О том, что Заиконоспасские школы Лихудов не давали высшего образования, свидетельствует пример Палладия Роговского, поступившего ту­да с надеждой «доступить» такового, но вскоре разочаровавшегося и выехавшего «ради совершенного учения» за границу [87]. В школах Заиконоспасского монастыря начали преподавать недоучившиеся ученики Лихудов, которые «учение давали, ско­лько сами прияли», вплоть до 1700 г. Тот же многократно ошибавшийся Ф.П. Орлов, на три года ошибаясь и в определении времени отстранения Лихудов от преподавания (он называет 1690-й год вместо 1694-го), утверждал, что преподавание велось после них «на едином только еллино-греческом ди­алекте». «От сего Академия,– ошибочно заключает А.В. Горский,– стала име­новаться училищем Еллино-Славянским» [33, с. 196]. Другого, впрочем, и не могло быть, поскольку латыни ученики Заиконоспасской школы освоить не успели.
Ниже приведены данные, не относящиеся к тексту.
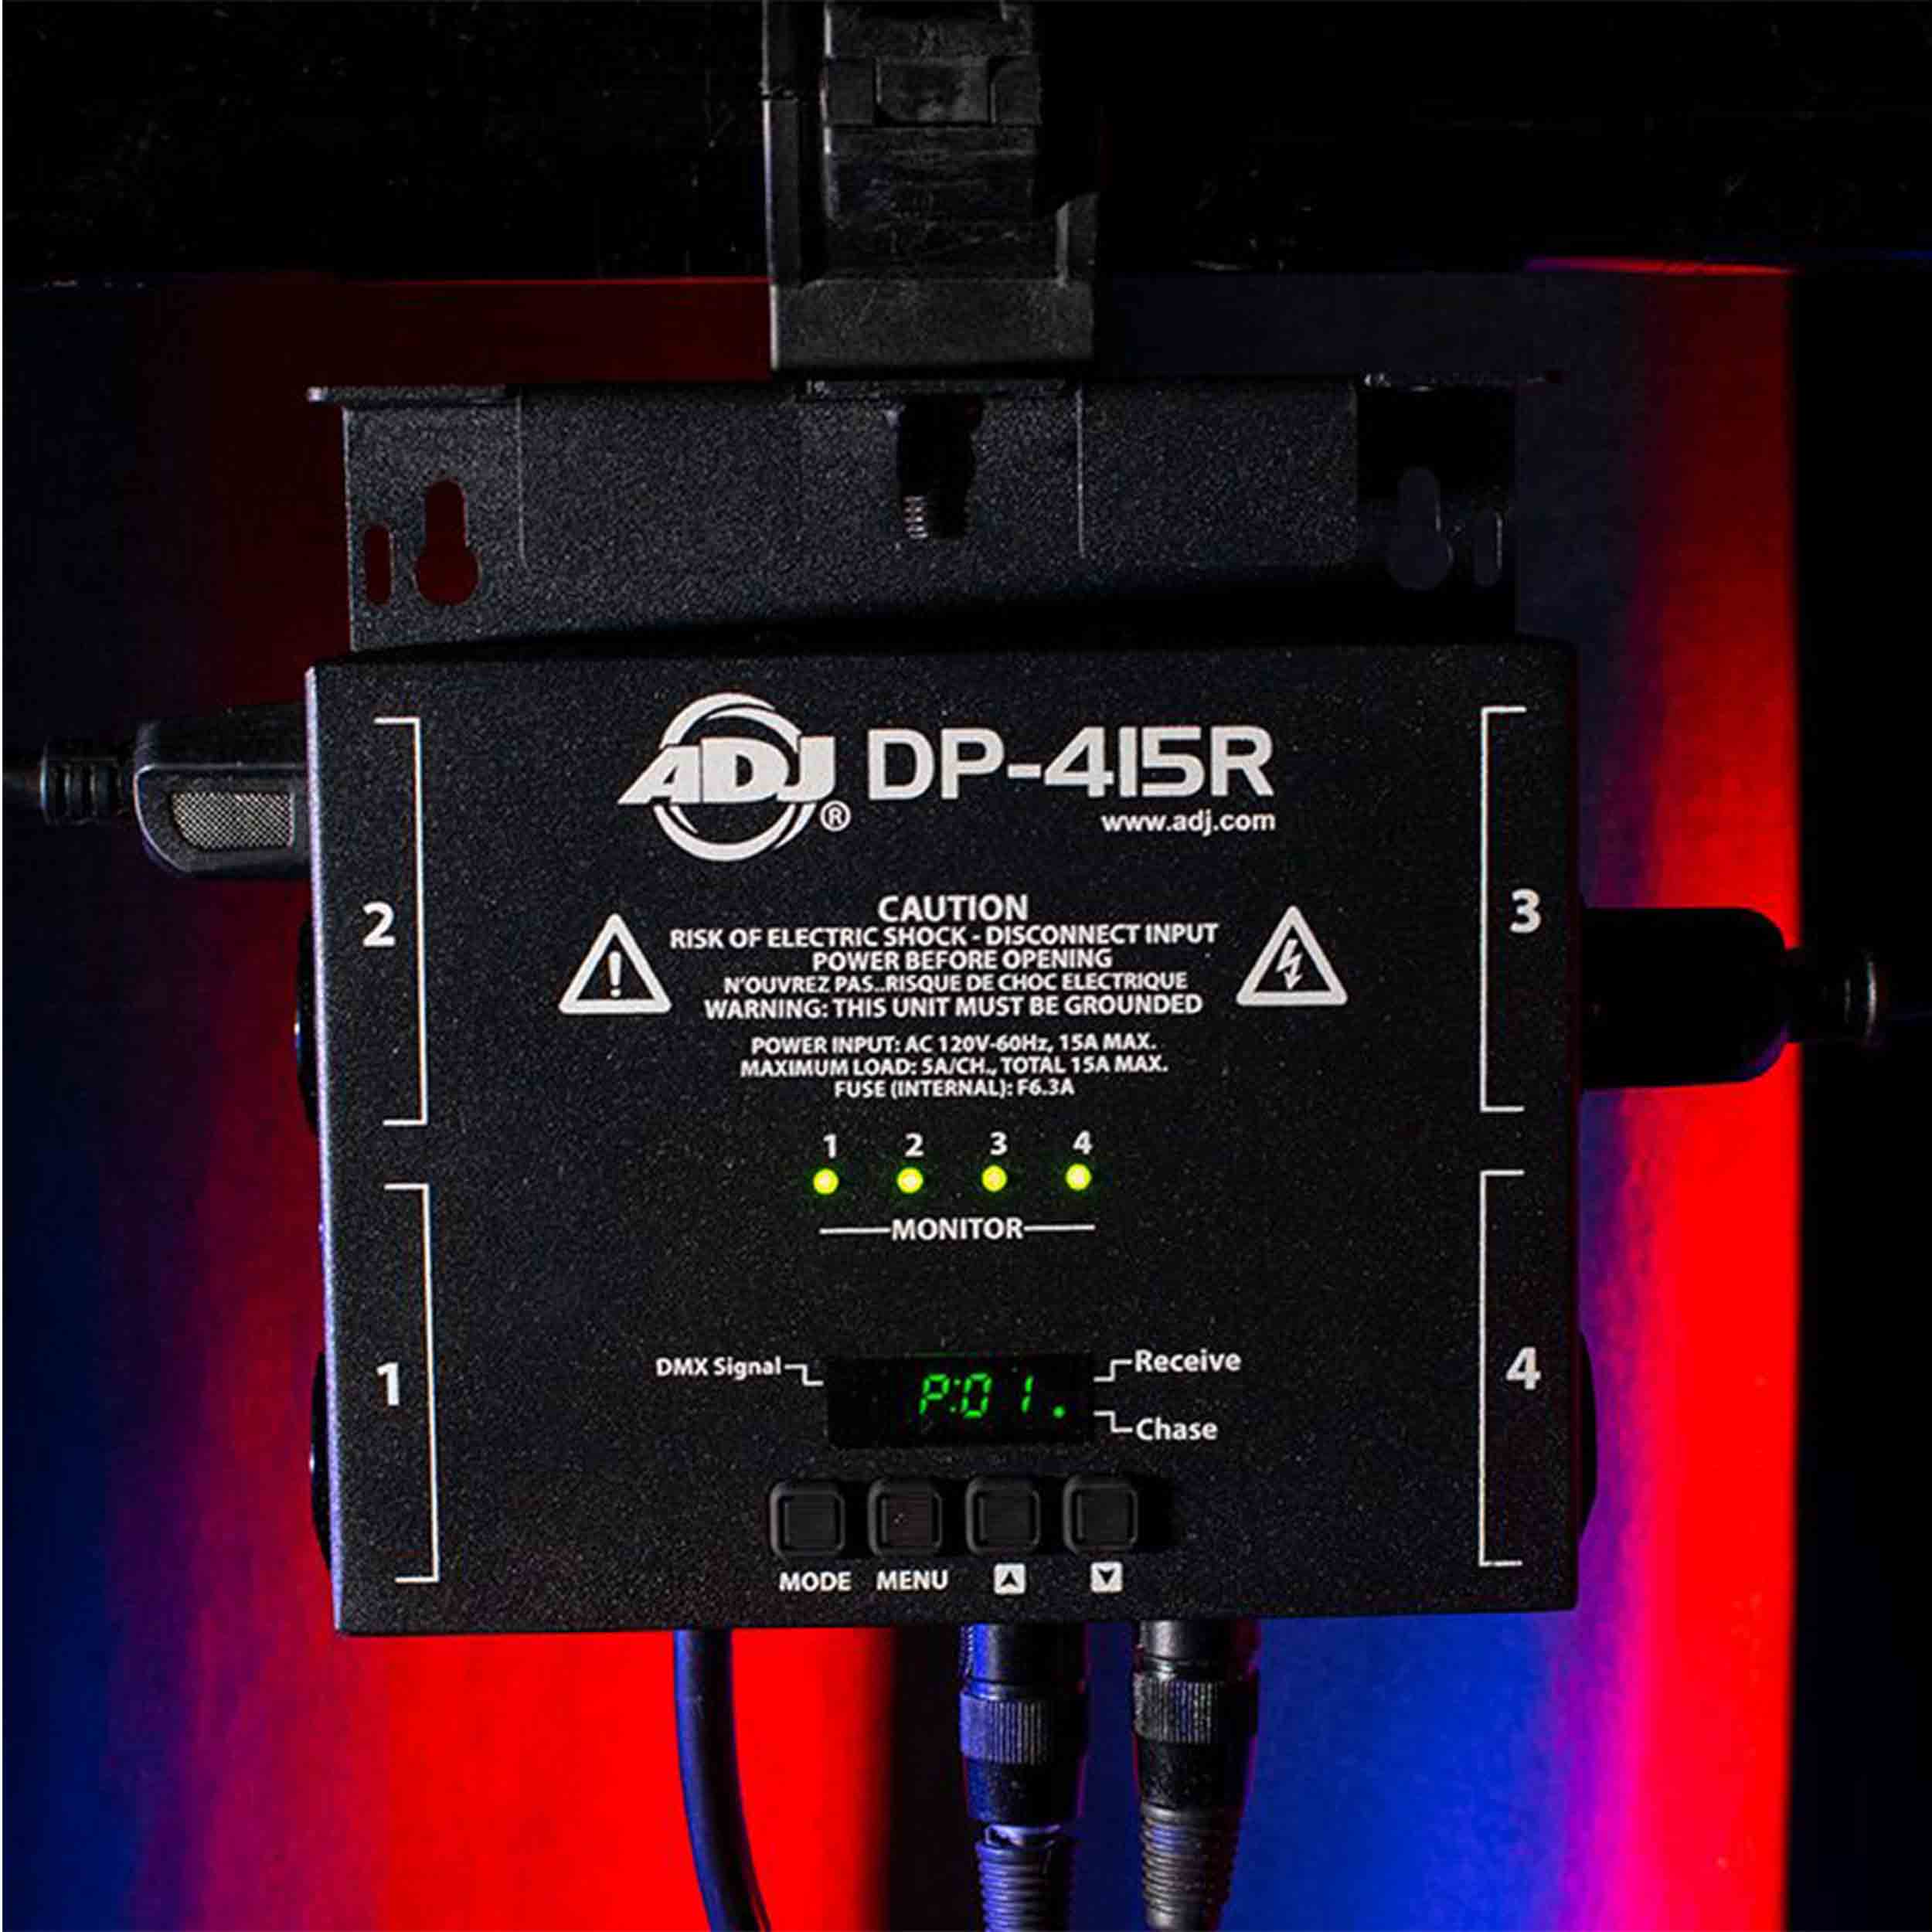 ADJ DP-415R, 4-Channel Dimmer and Switch Pack by ADJ

На преподавании в «схолах» именно учеников Лихудов рья­но настаивал ездивший в Россию за милостыней племянник Досифея, иерусалимский архимандрит Хрисанф [84]. В письме патриарху Адриану в мае 1694 г. из Батурина, он обещал прислать в Москву для работы на Печатном дворе и преподавания в школе одного человека; так «в одно время, с одним жалованием, и книги исправятся, и ученики совершенны в науках будут, и впредь от иноземцев ничего не востребуете». А пока этот мастер на все руки не приедет – могут «учить последних учеников Николай и Федор до философии». Умеются в виду ученики Лихудов Николай Семенович Головин и Федор Поликарпович Орлов, которые преподавали в «схолах» с 1994 по 1999 г. В ответ на специальную просьбу Адриана об учителе, Хрисанф прислал новое уверение, что патриарх Досифей постарается вскоре такого прислать. Он де будет и «школу держать», «и книги исправлять, и будет вашему святейшеству раб и подножие ног ваших». Более того, он не задержится в Москве: как «совершенных учителей поставит из первых учеников», так и уедет. Главное, чтобы пока «вышеназванные ученики учение давали, сколько сами приняли».
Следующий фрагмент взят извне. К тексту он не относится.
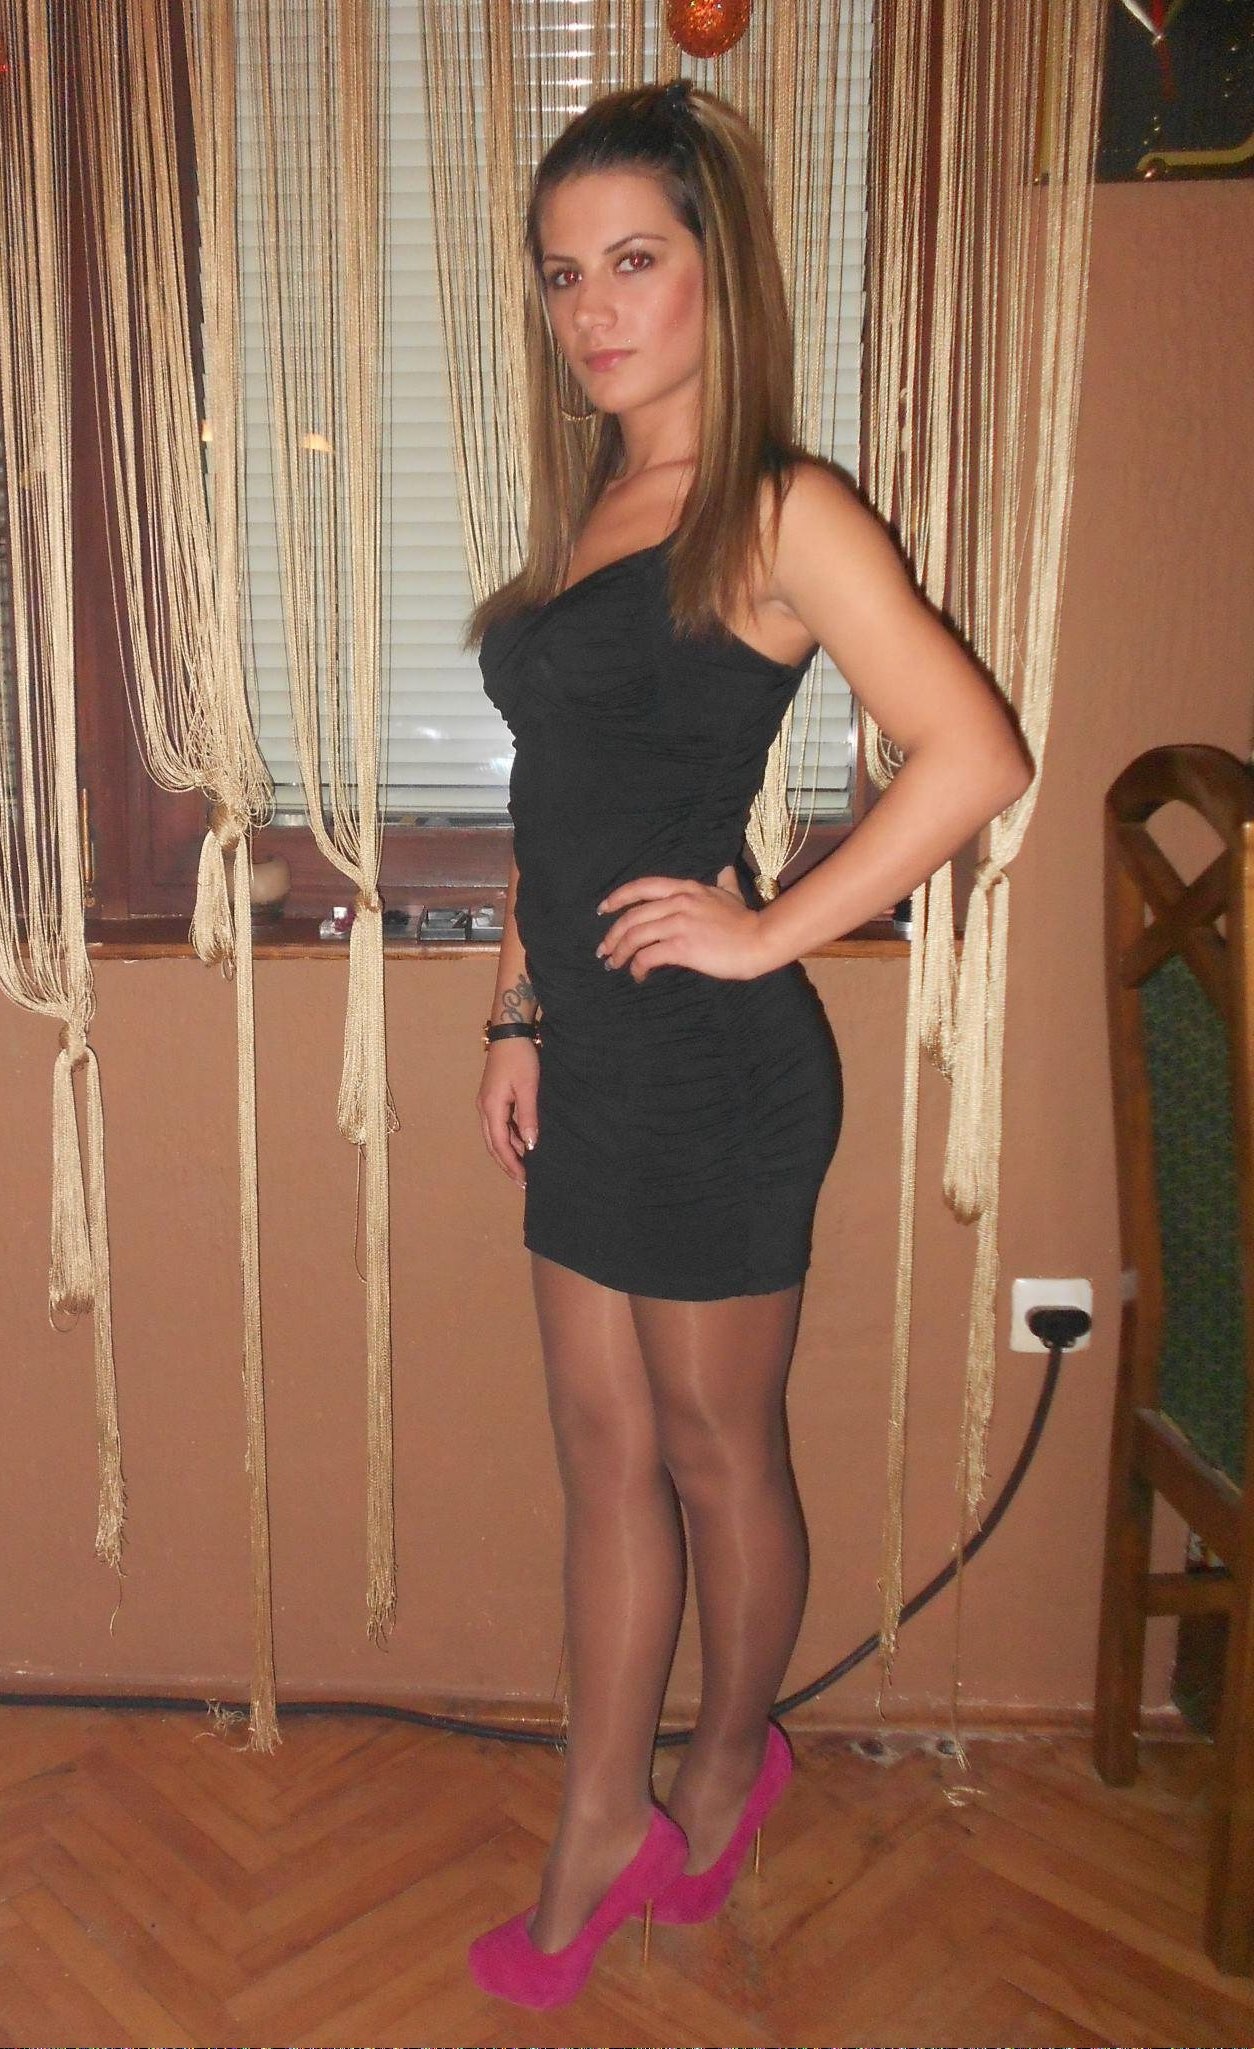 Another amateur pics of girls in tight dresses picture

Для пресечения развития «учения» в Мос­кве греческие власти, добившись запрета обучения на латыни, желали воспрепятствовать приглашению в Заиконоспасские школы новых постоянных учителей (даже из греков). Особой заботой Хрисанфа было, чтобы братья Лихуды, «эти проклятые волки… в школу бы снова не входили, за то, что злой всегда зол и добра от него не будет» (ГИМ, Синодальное собр. № IV/993, рукопись 1, л. Л. 69–79). Дело в том, что Лихуды не были, вопреки жарким обличениям Досифея и Хрисанфа [51, с. 165], высланы из Москвы, но уже в августе 1694 г. переведены на Печатный двор, где учили желающих итальянскому языку (РГАДА, ф. 52, св. 7202/1694 г. № 37). В мае 1697 г. царь Петр указал чинам московского двора отдавать детей Лихудам учить итальянский. Правда, из 55 названных в указе человек в школу пошли лишь 10. Однако Лихуды получили казенное содержание, а патриарх Адриан по праздникам жаловал их выше протопопов московских соборов [74, с. 295–331]. Эта государственная школа работала до 1700 г. [67].
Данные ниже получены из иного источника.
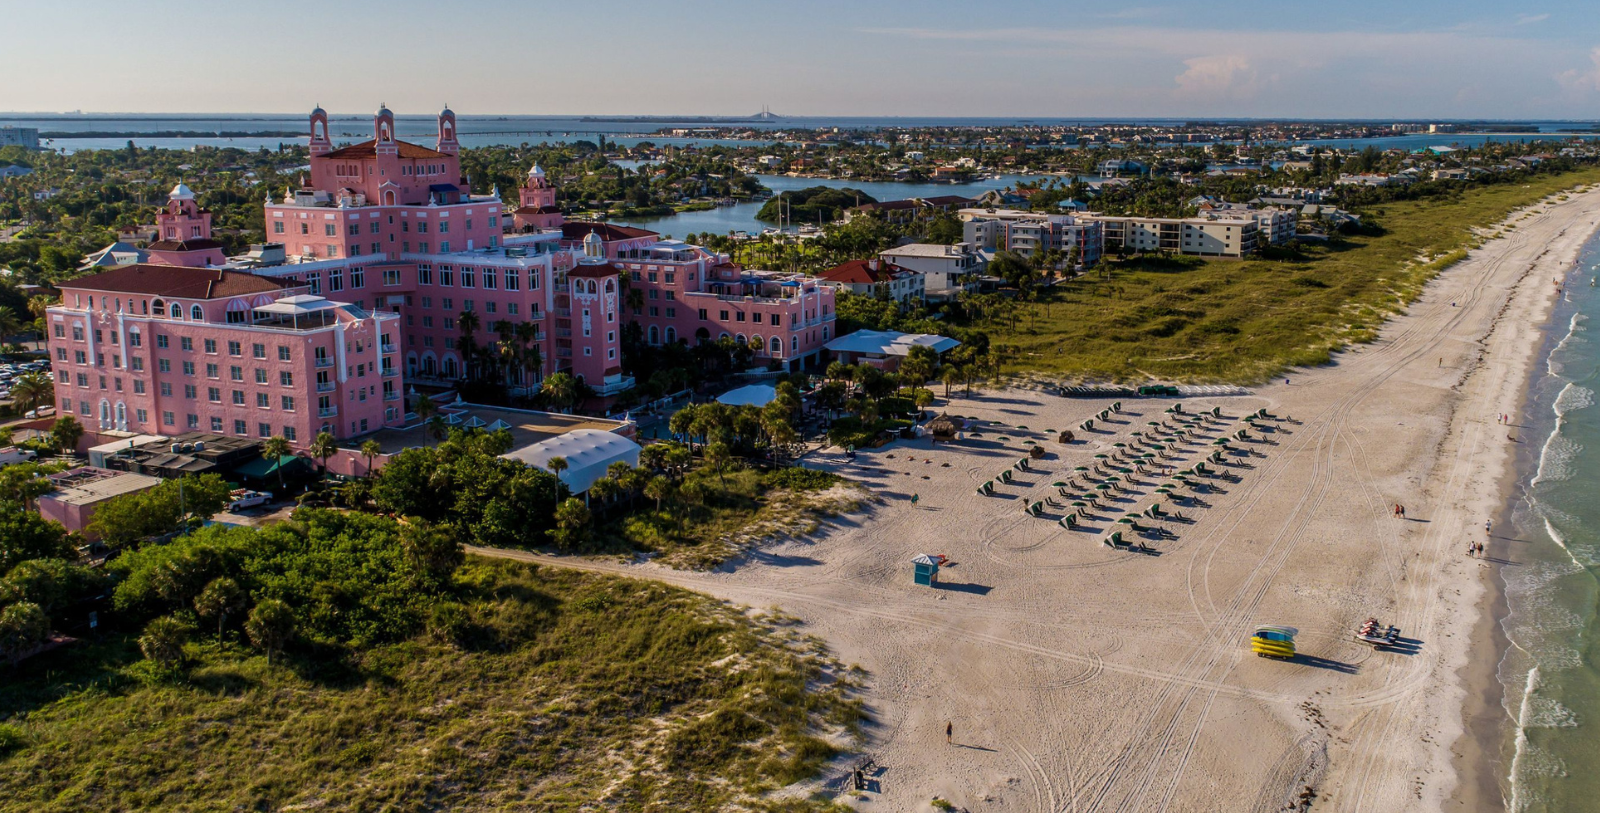 Image of The Don CeSar, 1928, a Member of Historic Hotels of America since 1989

Тем временем Н.С. Головин и Ф.П. Орлов преподавали в церковных Заиконоспасских школах, именуясь в документах Патриаршего казенного приказа школьниками, а не учителями [40, с. 1047]; [40, с. 1172]. Греков такая ситуация вполне устраивала. На неоднократные просьбы Адриана прислать учителя Досифей попросту отписывался (1696). Все понимали, что Иерусалимский патриарх лукавит, рекомендует учителей, но не посылает (например, в 1698 г.). В то же время Досифей и Хрисанф продолжали обличать Лихудов, требуя сослать их, не давать бумаги и чернил (ГИМ, Синодальное собр. № IV/993, рукопись 1, л. 83–110). Московские власти выносили все смиренно [51, с. 77–85]; [51, с. 166–167].

В конце-концов Лихуды, несмотря на активную защиту со стороны Евфимия Чудовского, были удалены с Печатного двора в московский Новоспасский монастырь, но не по наветам греков, а из-за причастности к делу их ученика Петра Артемьева [70], дьякона Петропавловской церкви московс­кой Новомещанской слободы, который уклонился в католичество и публично проповедовал свои убеждения [77, с. 579–581]. Следствие и соборное определение по его делу сохранилось (ГИМ, Синодальное собр. № 393/1014, л. 1–193). Вскоре (в 1700 г.) в тот же монастырь угодил в заточение ученик Лихудов иеромонах Чудовского мона­стыря Иов, который сменил в Заиконоспасских школах взятых на Пе­чатный двор Головина и Орлова, несколько месяцев пре­подавал, но совершил какую-то провинность. Новый, на этот раз политический донос привел Лихудов к ссылке в Костромской Ипатьевский монастырь (1706 г.) [74, с. 315–318]; [74, с. 328–329].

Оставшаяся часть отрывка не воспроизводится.